* REQUIREMENT
Please reproduce the lines from the one containing "Fuenf Frauen sitzen" through the end of the data below exactly as they stand, and omit all pictures.

* RECORDED DATA

---

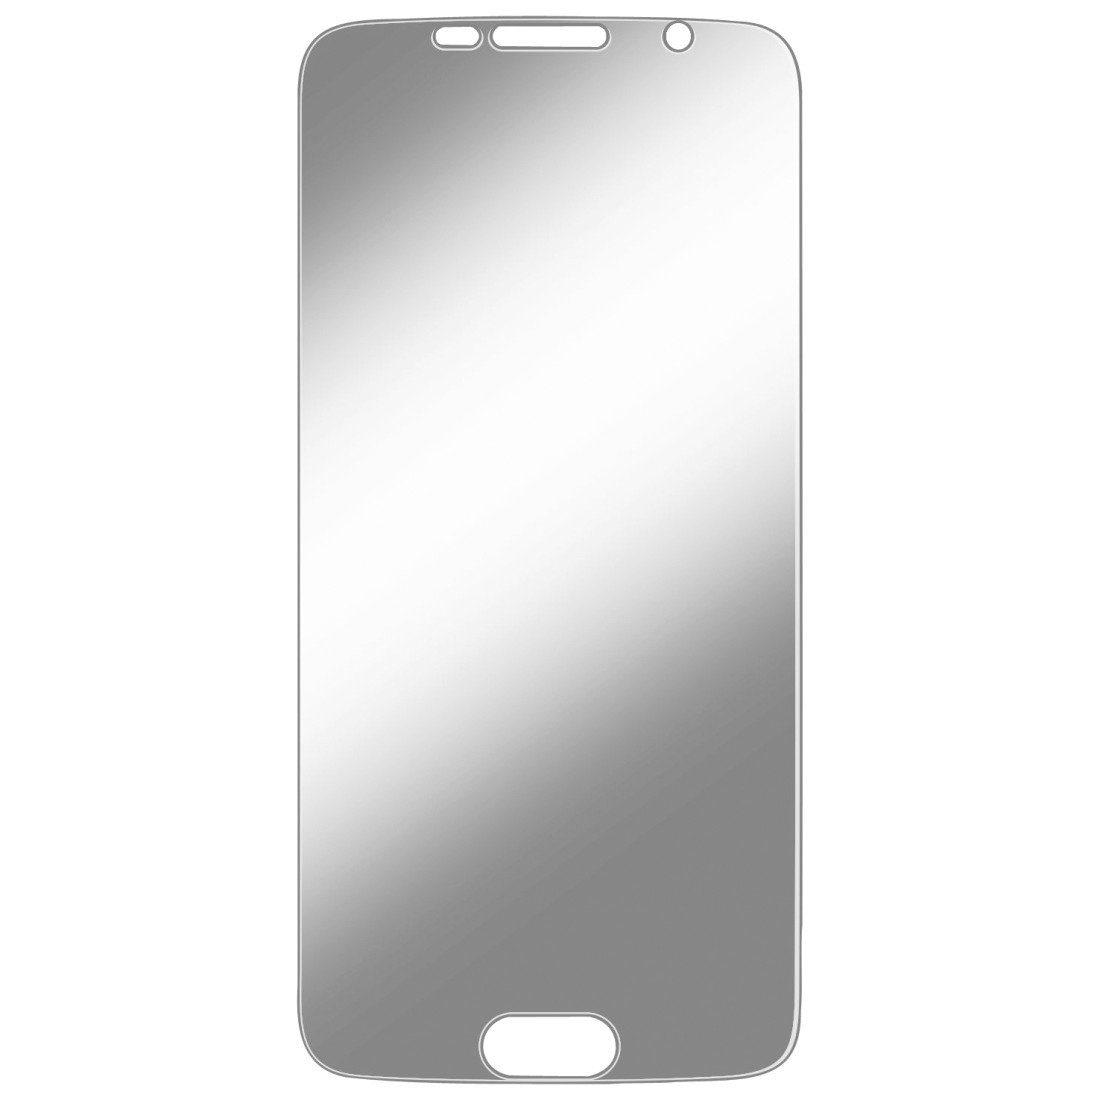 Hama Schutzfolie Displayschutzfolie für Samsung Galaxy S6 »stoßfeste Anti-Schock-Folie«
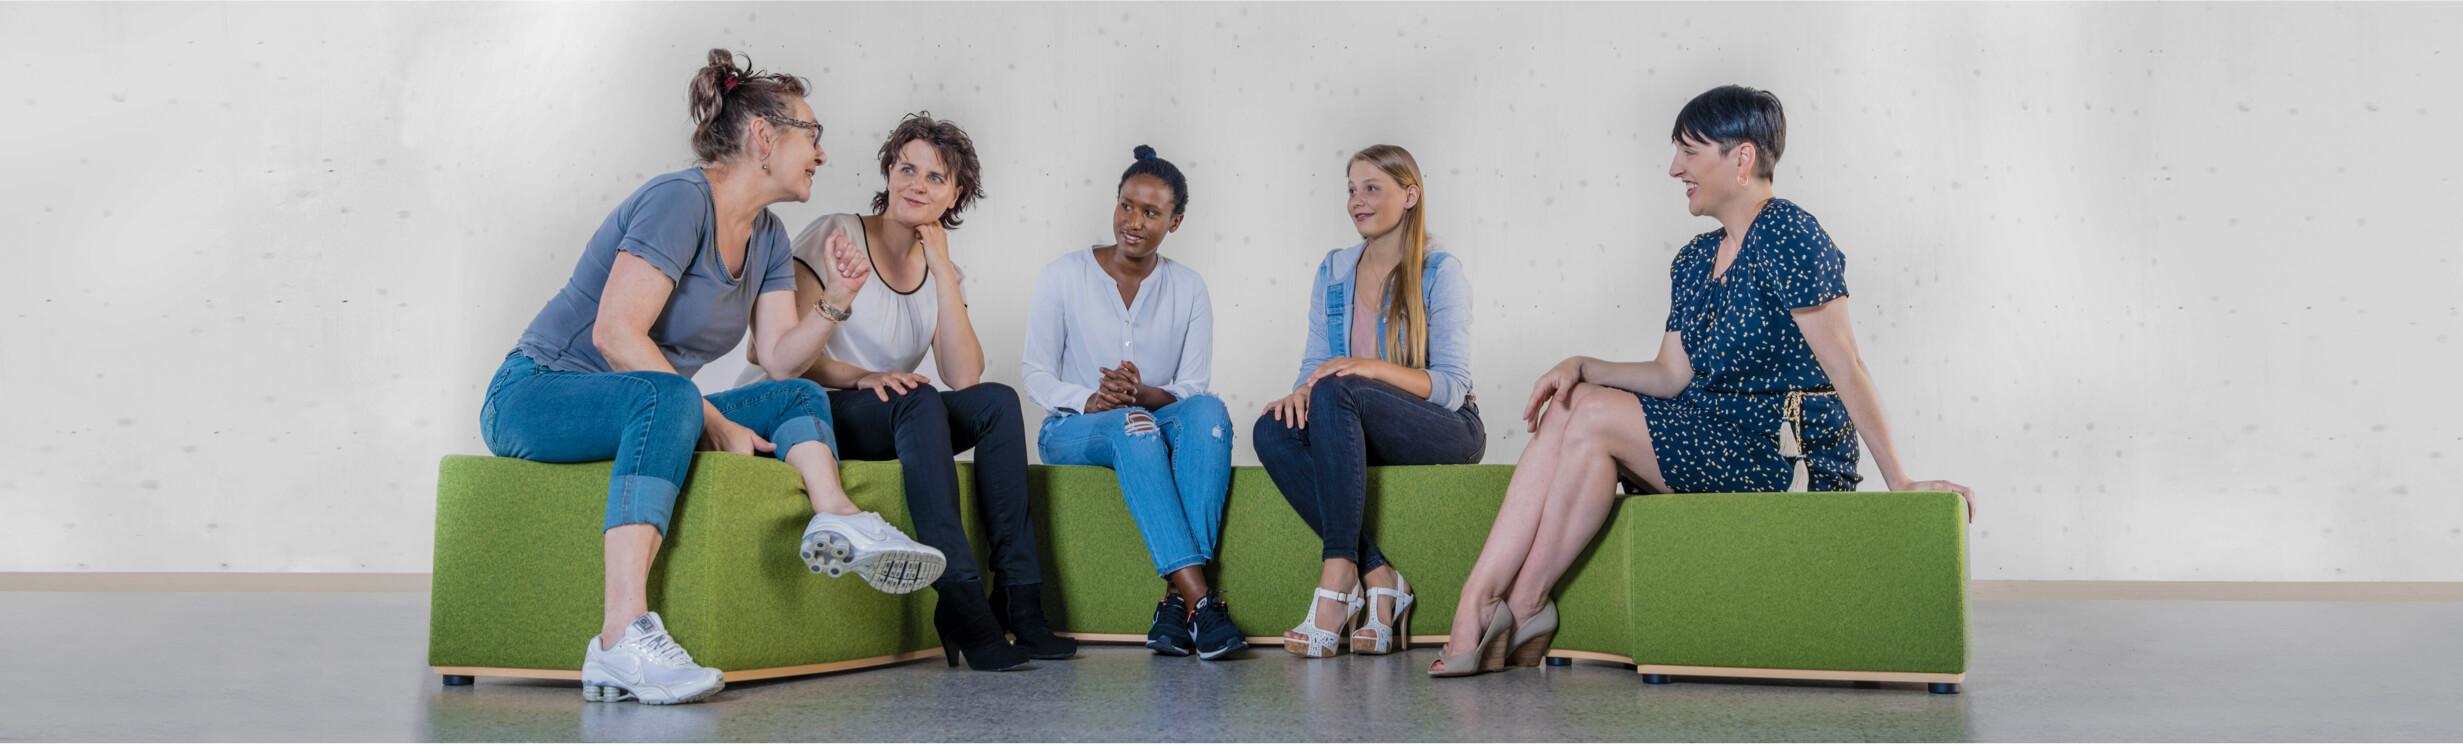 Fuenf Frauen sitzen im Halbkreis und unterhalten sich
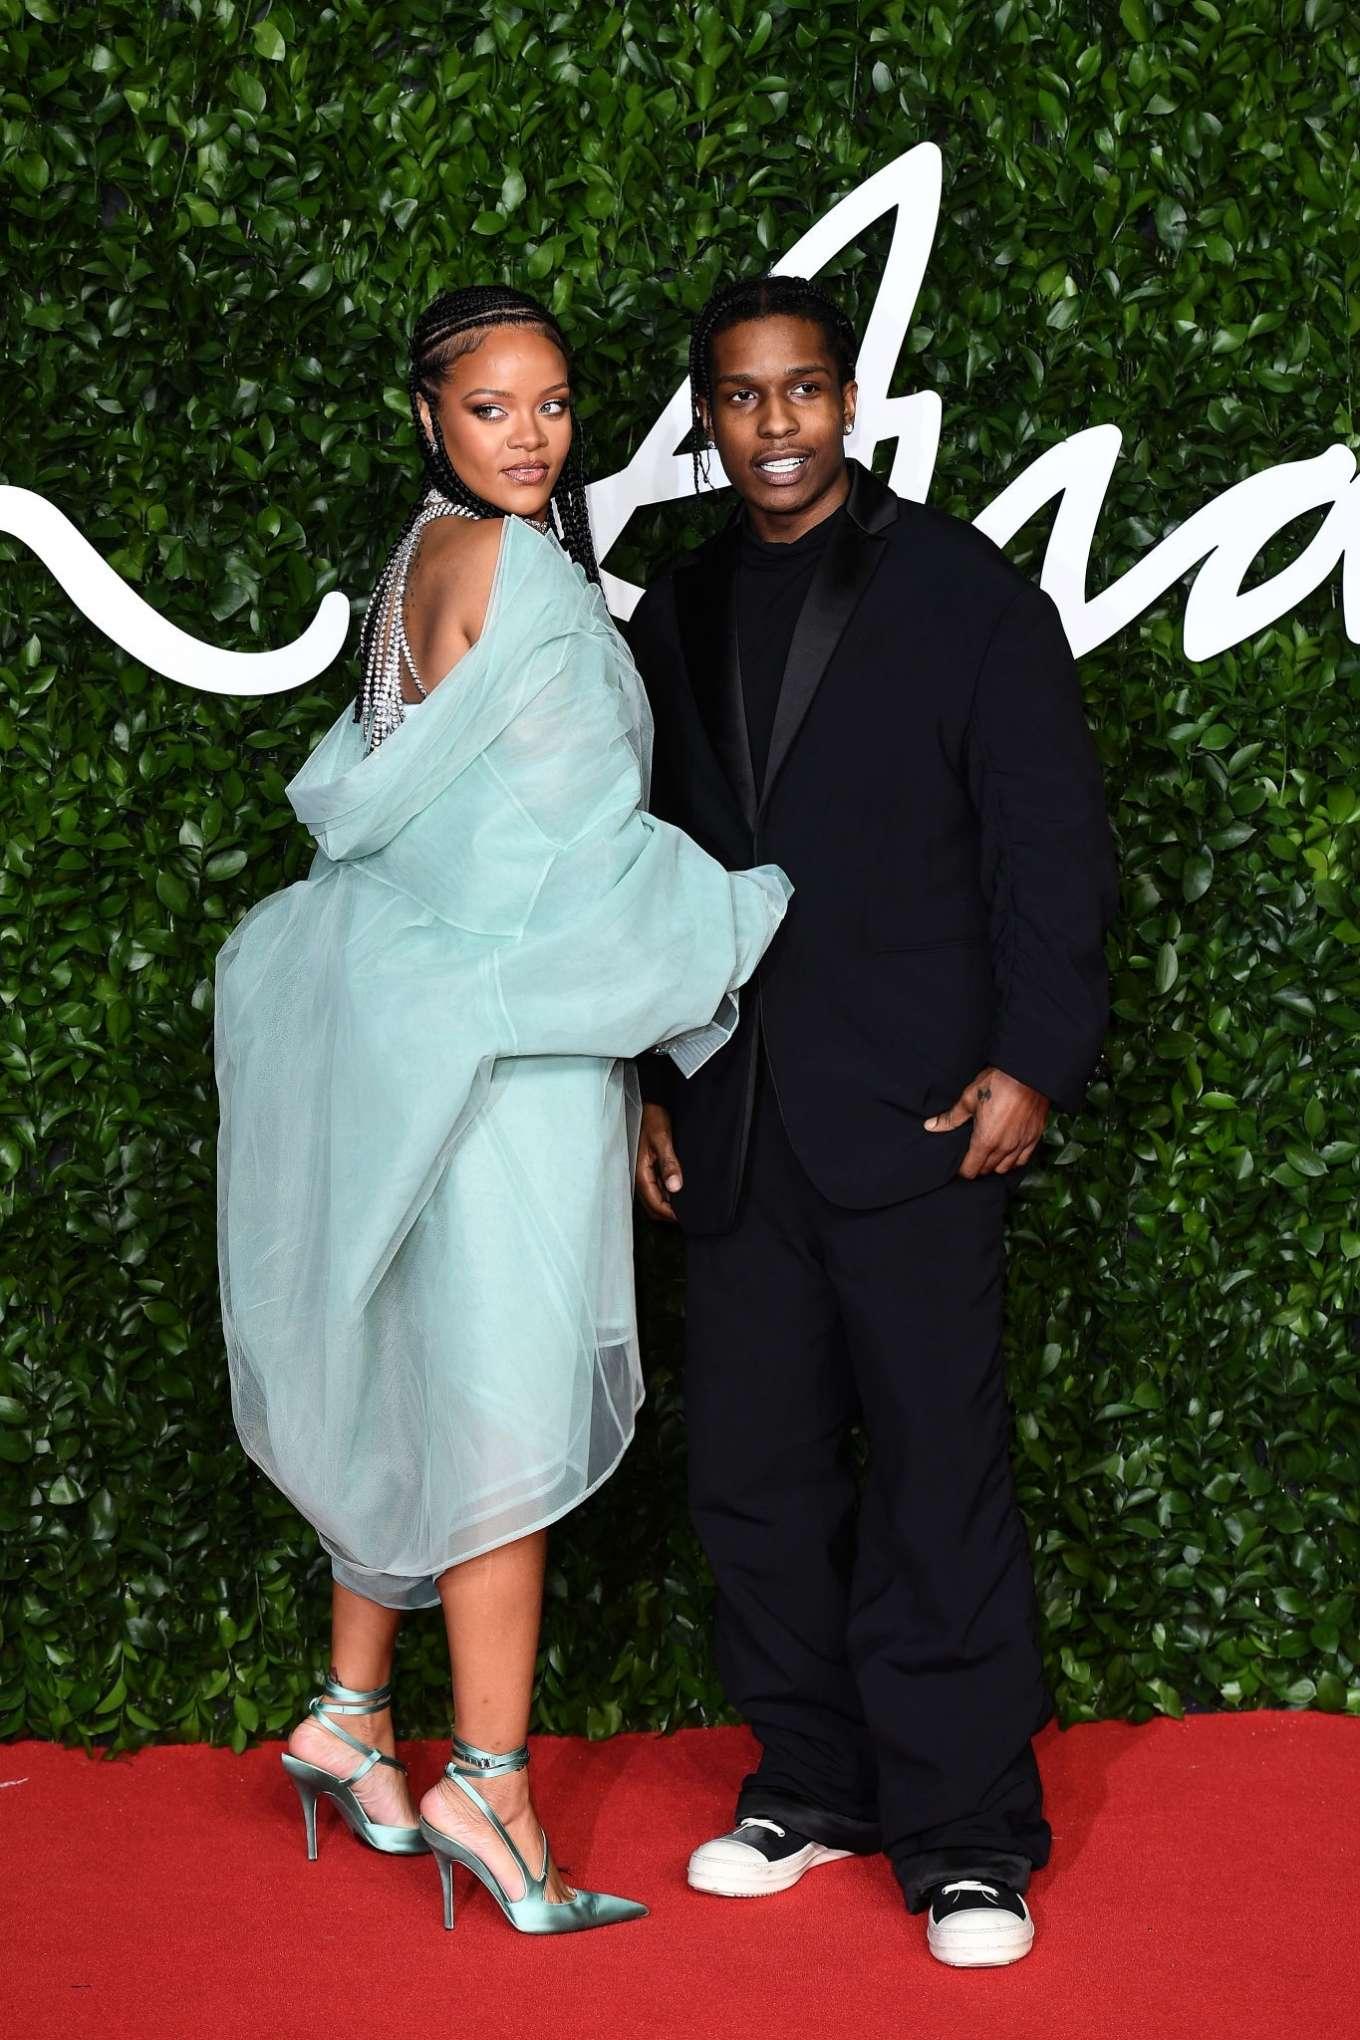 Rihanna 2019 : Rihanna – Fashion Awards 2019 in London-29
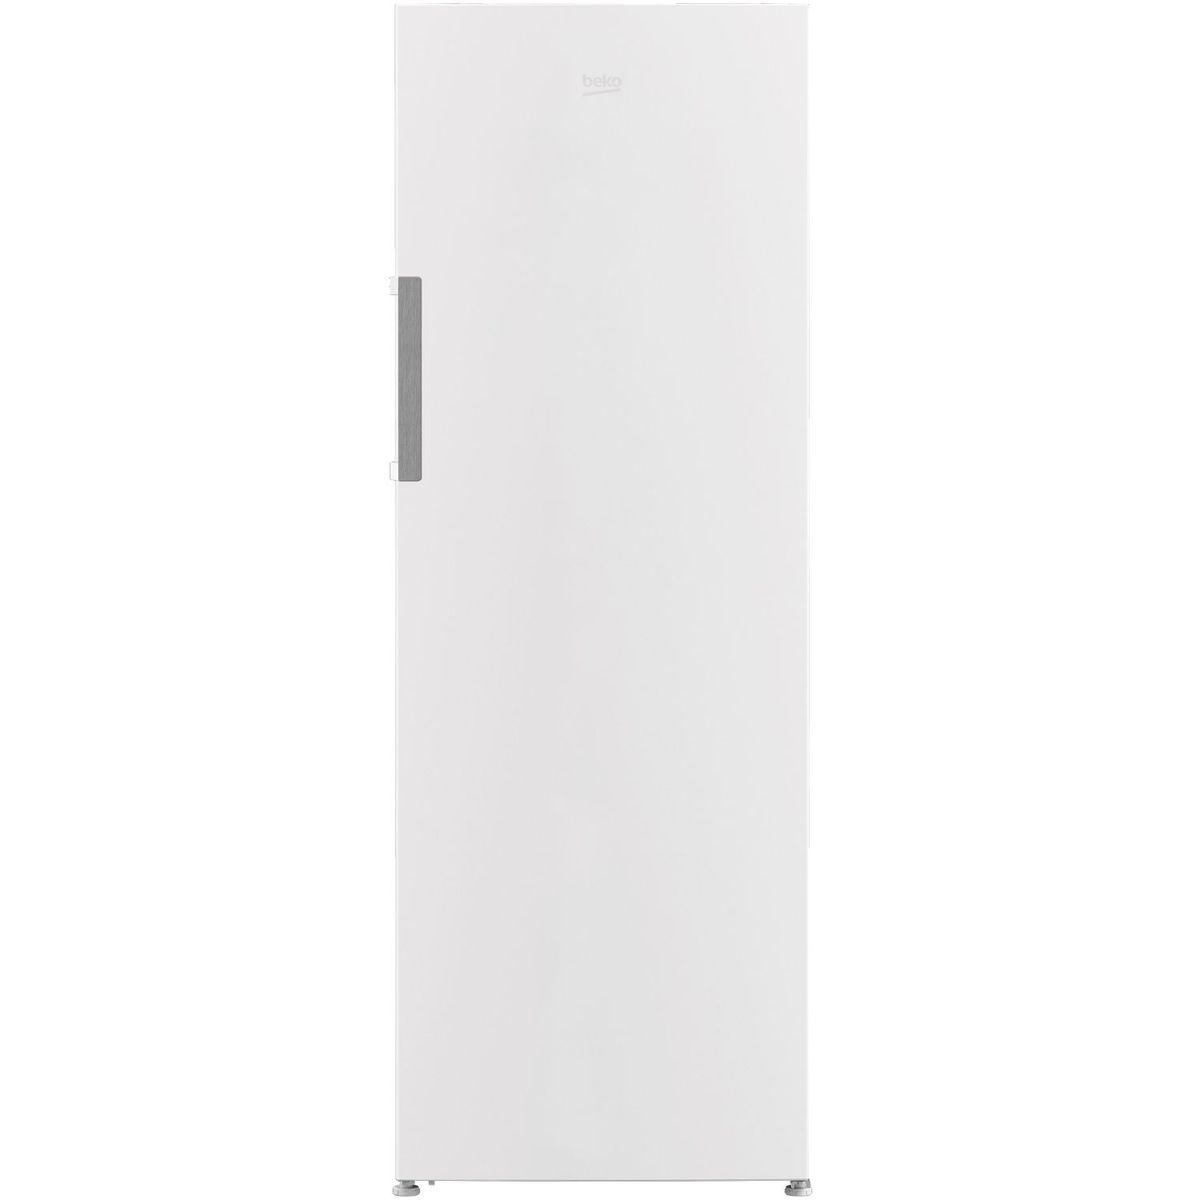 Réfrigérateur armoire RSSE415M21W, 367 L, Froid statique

---

* TASK OUTPUT
 Fuenf Frauen sitzen im Halbkreis und unterhalten sich
 Rihanna 2019 : Rihanna – Fashion Awards 2019 in London-29
 Réfrigérateur armoire RSSE415M21W, 367 L, Froid statique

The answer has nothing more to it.